En cette période de commémoration de l’obtention du droit de vote des femmes au Québec, avec tout ce que cela comporte aussi de démarches et de revendications et qui a donné droit à une évolution assez rapide des droits des femmes, je tiens à souligner toute l’admiration que j’ai pour mes parents. Ils ont eu 7 filles sur neuf enfants. C’était les années ’40 et ’50, l’époque où la femme était encore juridiquement inférieure à l’homme, considérée comme une enfant.
Mon père a toujours traité ma mère en égale. Ensemble ils s’étaient donnés comme projet d’avoir une grande famille. Ils nous ont élevés ensemble. Mon père essuyait la vaisselle avant l’entrée d’un lave-vaisselle dans la maison. Ils nous faisait réciter nos leçons et vérifiait nos devoirs. Il nous montrait à aimer la forêt, à pêcher et tirer de la carabine. Ensemble, ils nous ont exposés à plusieurs sports comme à des activités culturelles. Nous allions systématiquement aux matinées de l’Orchestre symphonique et de L’Opéra de Québec. Nous nagions, skiions. Ils remplissaient la station wagon et la déversaient au pied du Mont-Ste-Anne dès son ouverture pour 150$ le billet familial.
Mes parents avaient les moyens d’avoir une grande famille. Mon père avait une entreprise avec ses frères. Mais ils ont quand même fait le choix de nous instruire. Jamais il n’a été question, chez nous, de payer des études aux garçons et pas aux filles. Faut dire que nous avions la majorité. Mais mes parents ont toujours dit « on ne sait pas quel genre d’héritage nous vous laisserons mais nous vous paierons toutes les études que vous voudrez faire pour que vous puissiez vous débrouiller dans la vie ».
Mes parents étaient très croyants et pratiquants. Nous allions à la messe tous les dimanches et tous les matins de l’avent et du carême. Mais ils ne se sont pas « enfargés » dans les recommandations encore en vigueur à l’époque et qui ont tant brimé les femmes du Québec.
Ils croyaient que nous allions nous marier et nous faire vivre par nos maris. Mais ils n’ont pas pris de chance et nous ont incité à étudier. Ils nous ont beaucoup aidés et nous avons tous bien « réussi ». Nous sommes 9 diplômés universitaires sur 9 enfants. Je trouve cela admirable. Ils se sont consacrés à leur progéniture, temps et argent.
Mes sœurs – aujourd’hui certaines sont retraitées – ont été avocate et juge à la Cour supérieure, psychologue impliquée dans des projets internationaux dédiés au cancer, coach internationale et consultante en gestion de projet dans le réseau de la santé, spécialiste du harcèlement, linguiste, physiothérapeute et, moi, communicatrice. Mes frères sont administrateurs et spécialiste en marketing. Certaines de mes sœurs ont plus d’un diplôme universitaire.
Je ne crois pas que les études universitaires soient essentielles pour avoir la carrière qui nous rende heureux. Mais au début de la révolution tranquille, mes parents étaient des précurseurs dans leur vision de notre avenir et des moyens à prendre pour nous assurer une indépendance que nous avons bien utilisée au fil des décennies qui ont suivi.

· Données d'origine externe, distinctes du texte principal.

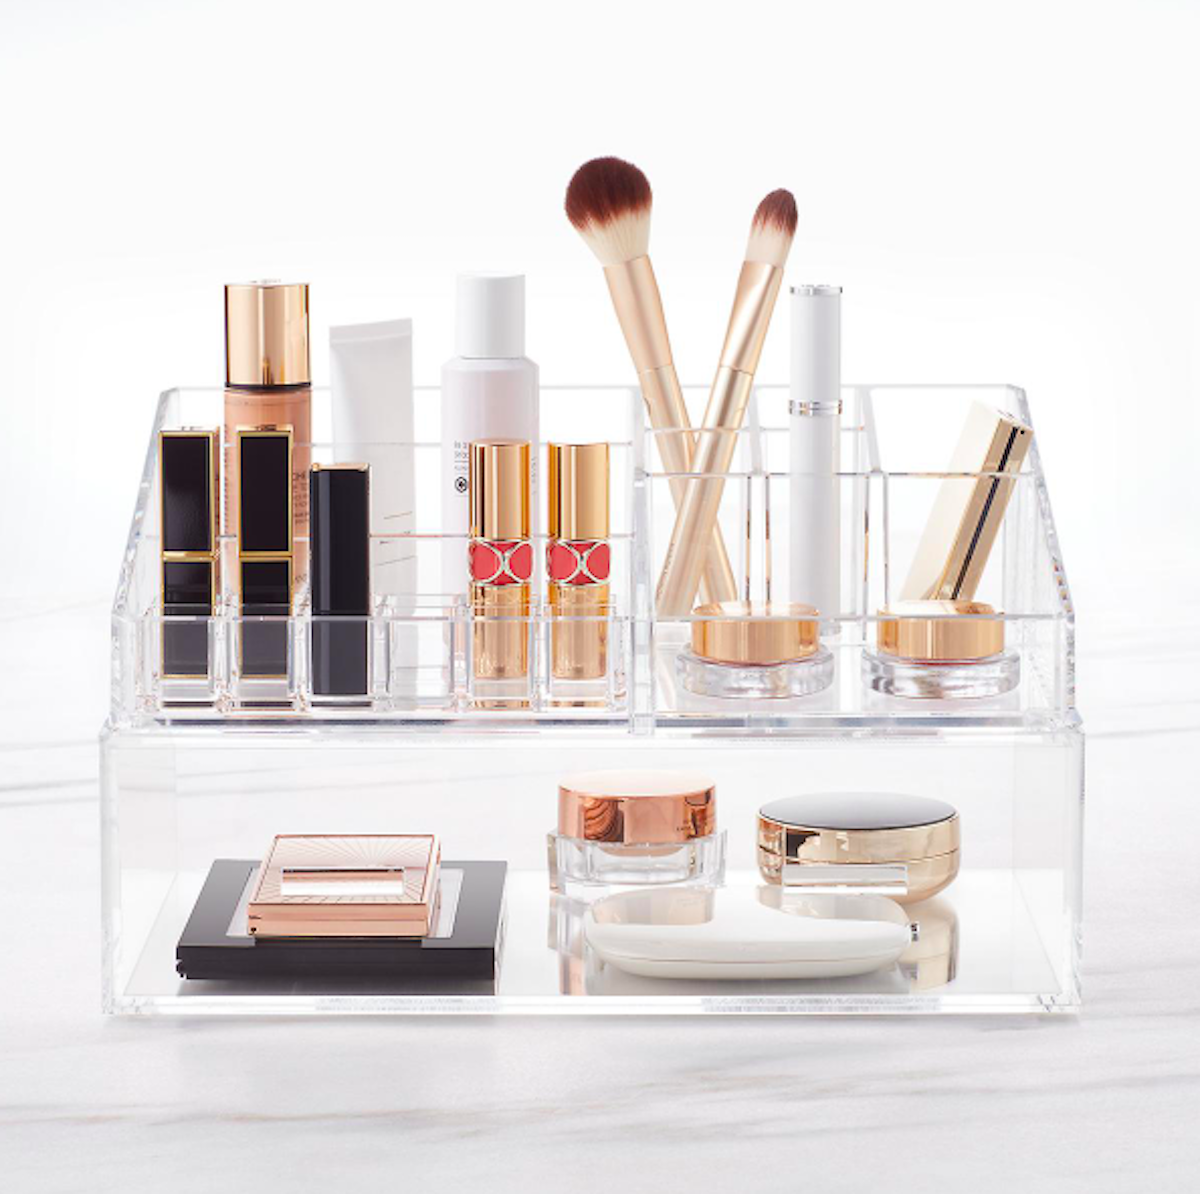 Get Your Makeup Organized in 2022 With 11 Outstanding Products
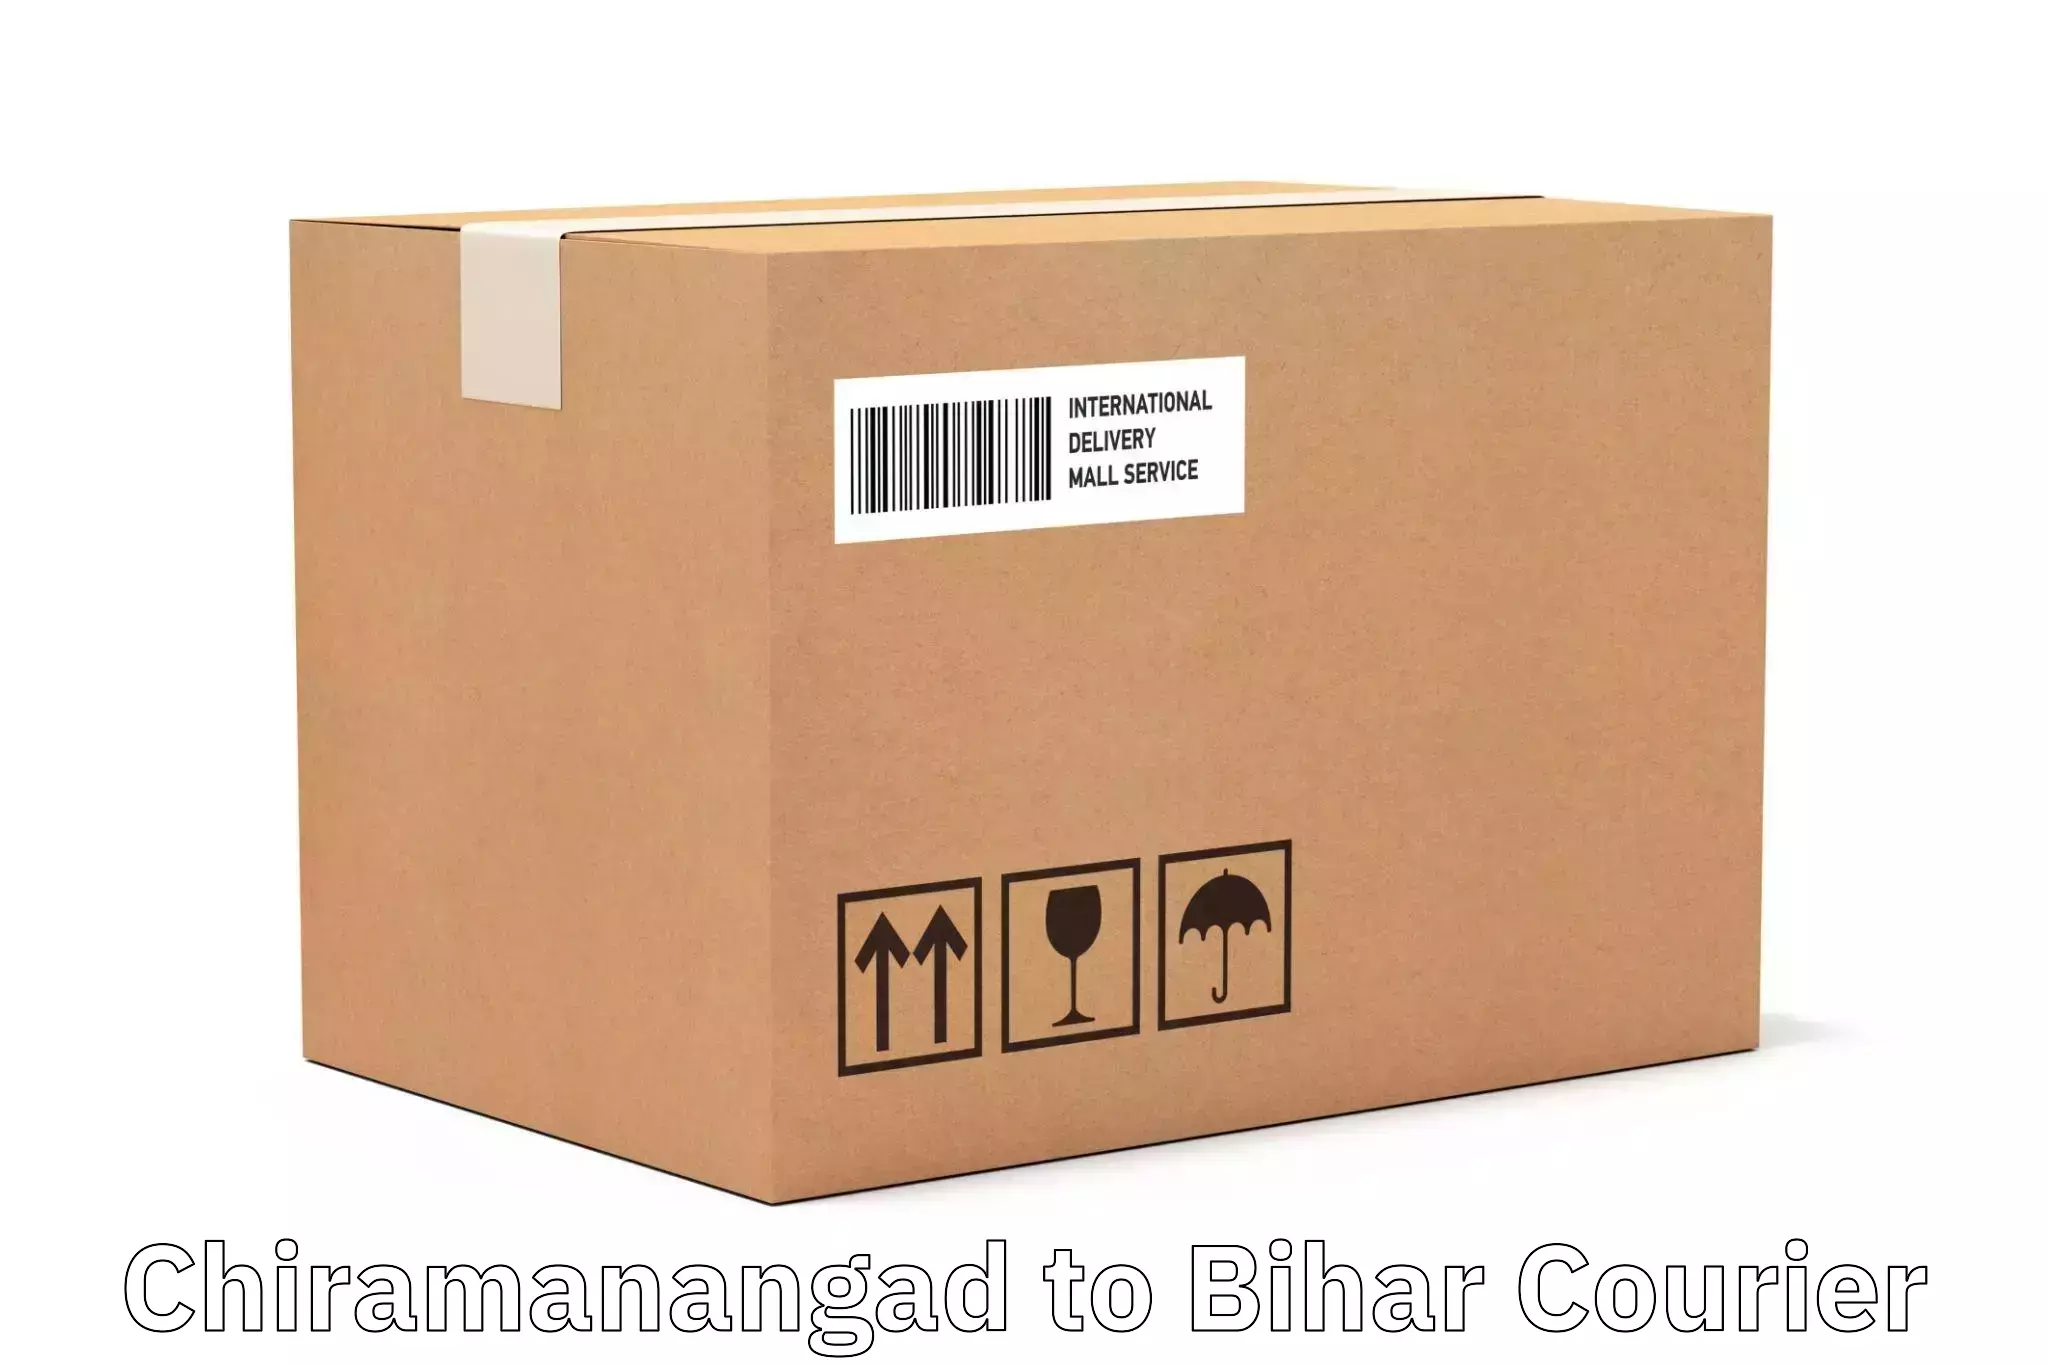 Easy access courier services Chiramanangad to Katoria

Aujourd’hui, mon père est décédé et ma mère, âgée de 91 ans, lit constamment, conduit son auto et s’occupe elle-même de ses affaires. Ils ont été un exemple de cette égalité que nous semblons encore revendiquer aujourd’hui. Nous clamons l’avoir mais est-elle bien réelle, partout dans notre société? J’en doute.
Je tiens donc à rendre hommage à mes parents pour leur avant-gardisme et leur vision, et pour avoir tout mis en œuvre, sans nécessairement s’oublier, pour nous donner les moyens de prendre nos vies en main. Je les en remercie.